Thomas Lectka

Thomas Lectka

Jean and Norman Scowe Professor

Contact Information

Research Interests: Synthetic and physical organic chemistry and organofluorine chemistry

Education: PhD, Cornell University

Tom Lectka graduated from Oberlin College with highest honors in Chemistry (B.A.) in 1985. He received his Ph.D. from Cornell University in 1990 (study with Professor John McMurry) whereupon he was an ACS Organic Division Fellow. He performed postdoctoral studies as an Alexander von Humboldt Fellow at Heidelberg (1991, study with Rolf Gleiter), and as an NIH Fellow at Harvard University (1992-1994, study with Professor David Evans). He joined the faculty of the Chemistry Department of Johns Hopkins in 1994, and was promoted to the Jean and Norman Scowe Professorship in 2012. He has been the recipient of an NIH First Award, an NSF Career Award, an Eli Lilly Grantee Award, a Sloan Fellowship, a Dreyfus-Teacher-Scholar Award, a John Simon Guggenheim Memorial Fellowship, the ACS Maryland Chemist of the Year in 2017, and in 2024 was an ACS Arthur C. Cope Scholar Awardee.

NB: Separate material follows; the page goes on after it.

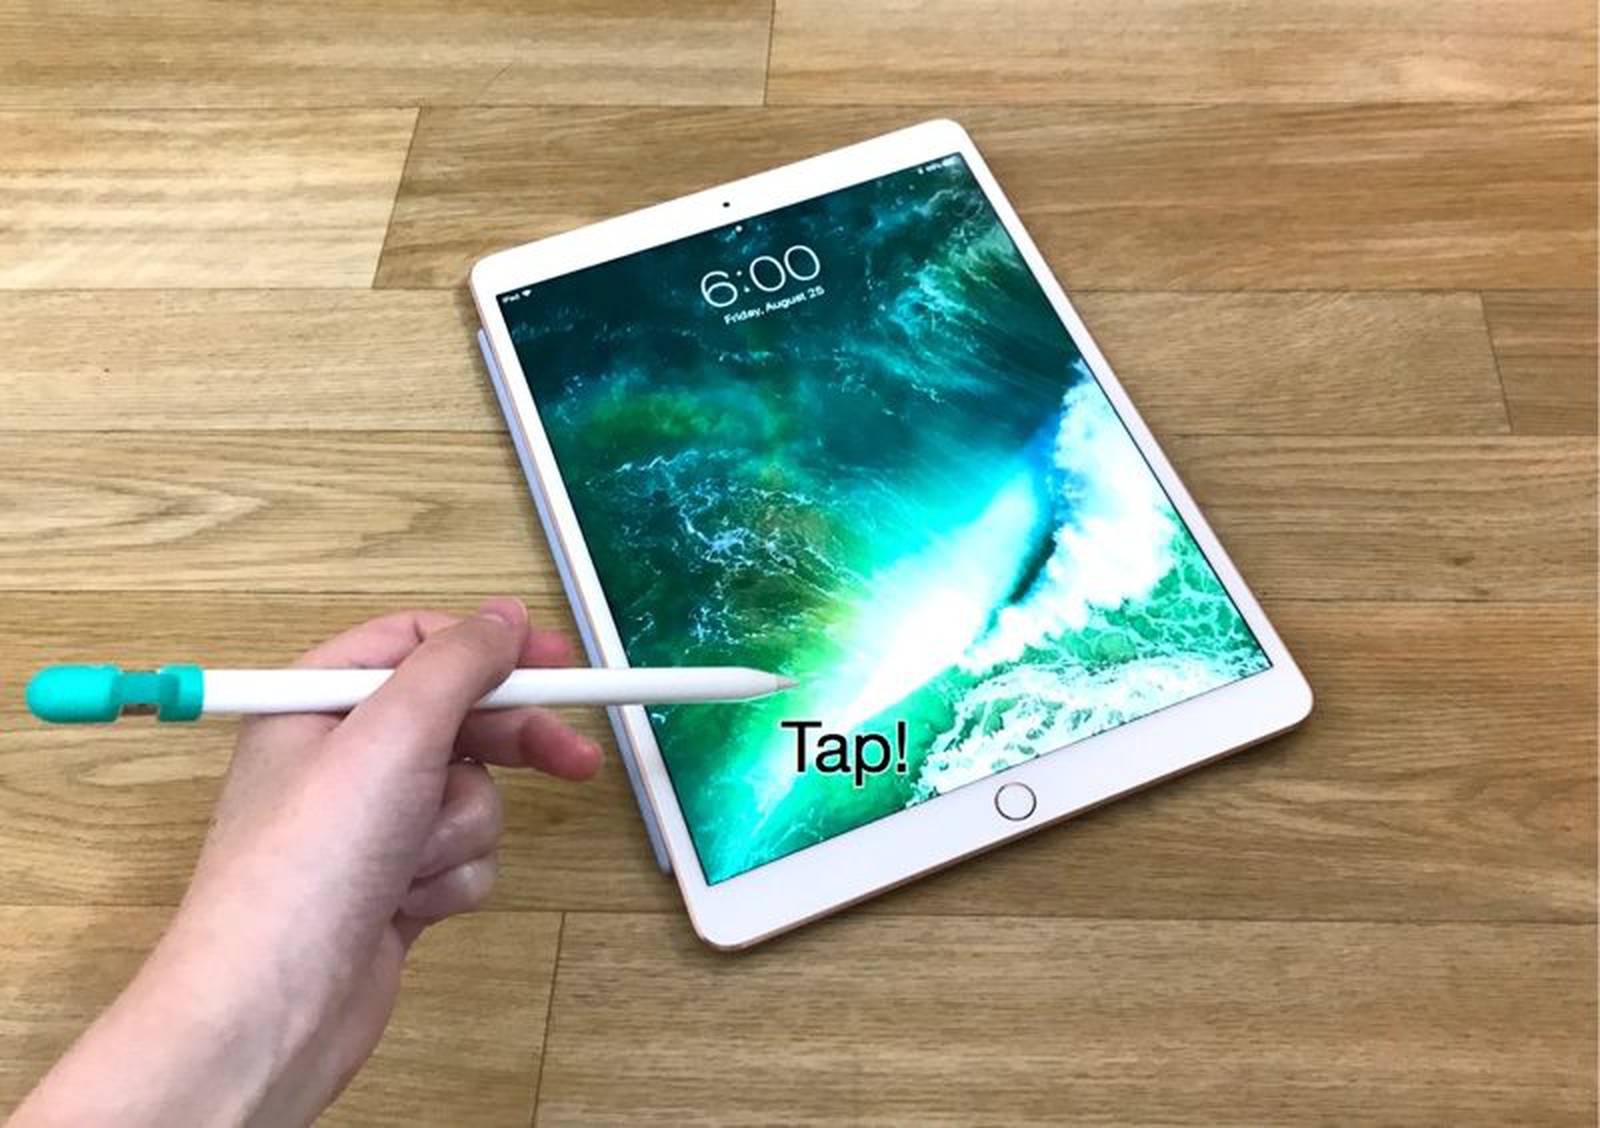 taking notes on ipad with apple pencil

Research in our group employs the formidable tools of organic, fluorine, and inorganic chemistry in equal measures to develop fundamentally new reactions of academic and pharmaceutical interest.  Metal catalysis and photochemistry comprise central themes; aliphatic fluorination and selective bond activation are the primary goals. Study of reaction mechanisms through kinetics, EPR, NMR, voltammetry, crystallography, advanced computations (DFT and MP2), and other techniques accompanies reaction development.

Along with brand new reactions, we also seek to make brand new species never seen before in nature, but that possess unusual or unanticipated properties; our recent synthesis of the first fluoronium ion in solution (as predicted by DFT theory) is a case in point.